Après ce recueil d’escales, envisagez-vous d’explorer d’autres « escales » géographiques ou diasporiques pour prolonger la réflexion ? Quels thèmes ou zones stratégiques vous semblent encore sous-explorés ?

Oui, j’envisage de poursuivre ces « escales », parce que ce format – fragments, terrains, portraits, analyses – permet d’attraper des réalités mouvantes sans les figer dans un grand récit théorique. Plusieurs zones, plusieurs diasporas me semblent encore sous-explorées et mériteraient d’être intégrées dans une réflexion plus large.

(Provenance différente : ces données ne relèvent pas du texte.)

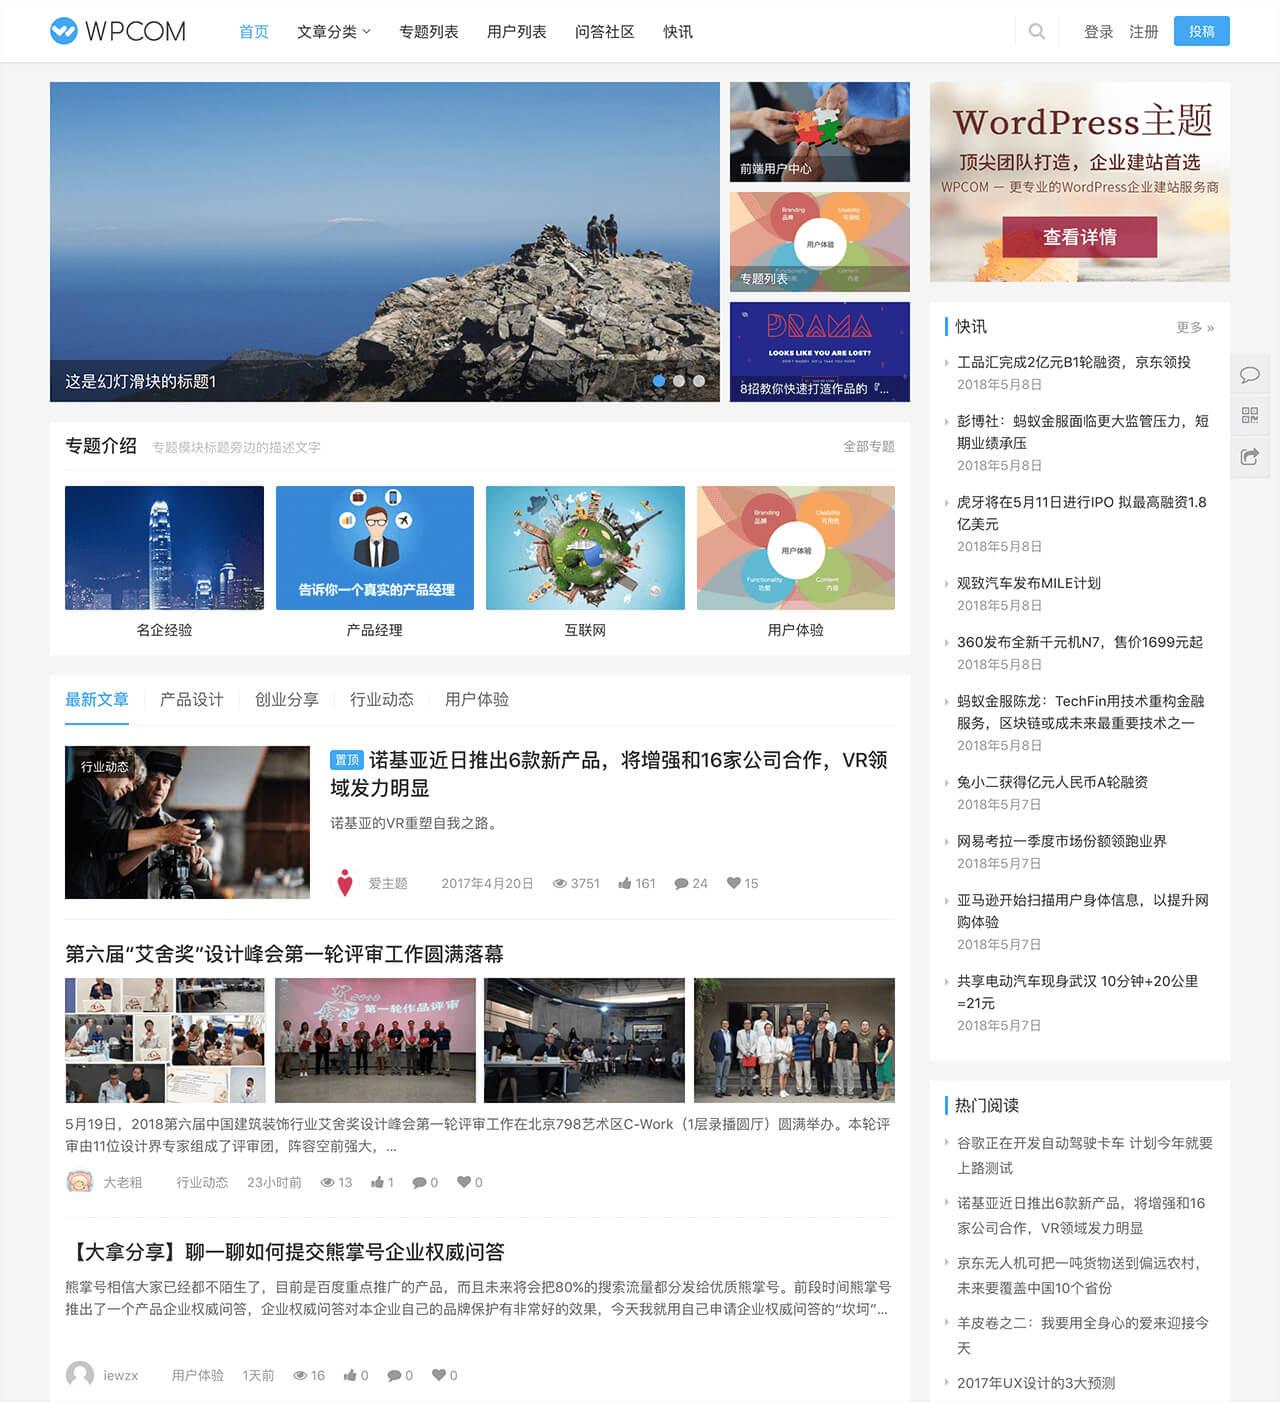 JustNews主题 V5.7.3版本 破解版 开心版 下载 ,附破解教程!-测评信息

D’abord, l’axe Europe de l’Est – mer Noire – Caucase élargi, notamment l’Ukraine, la Géorgie, la Roumanie, la Pologne. Ces espaces sont aujourd’hui au cœur d’une recomposition stratégique que l’Arménie ne peut ignorer : corridors énergétiques, compétition OTAN–Russie, fragilité des États menacés, diplomaties diasporiques balbutiantes. Comprendre comment ces pays articulent souveraineté, dépendances et alliances permettrait de relire autrement le dilemme arménien.

Ensuite, je souhaite explorer des diasporas “sœurs”, non pas au sens culturel, mais structurel : les diasporas assyrienne, copte, libanaise, syriaque, palestinienne, qui connaissent le même défi d’articuler survie locale, mémoire traumatique et existence transnationale. On y retrouve des questions proches : comment maintenir une langue quand le territoire se délite ; comment produire un récit collectif sans État fort ; comment peser politiquement depuis l’exil.

Il y a aussi des zones où l’on parle beaucoup, mais trop vite : le Golfe, l’Asie centrale, où émergent de nouvelles circulations arméniennes – étudiants, travailleurs, entrepreneurs – qui pourraient redessiner la carte diasporique des années à venir. Ce sont des « escales » moins visuelles que Beyrouth ou Istanbul, mais stratégiquement cruciales.

Enfin, un champ me semble encore très insuffisamment exploré : les nouvelles mobilités post-2020. L’exil arménien en Europe, les communautés qui se recomposent à Prague, Madrid, Berlin ou Lisbonne. Comprendre ces trajectoires, c’est comprendre une part du futur de l’Arménie. Au fond, l’ambition reste la même : multiplier les escales pour mieux saisir une géographie stratégique en recomposition, et comprendre comment l’Arménie — État et diaspora — peut continuer à exister en pensant ses marges autant que son centre.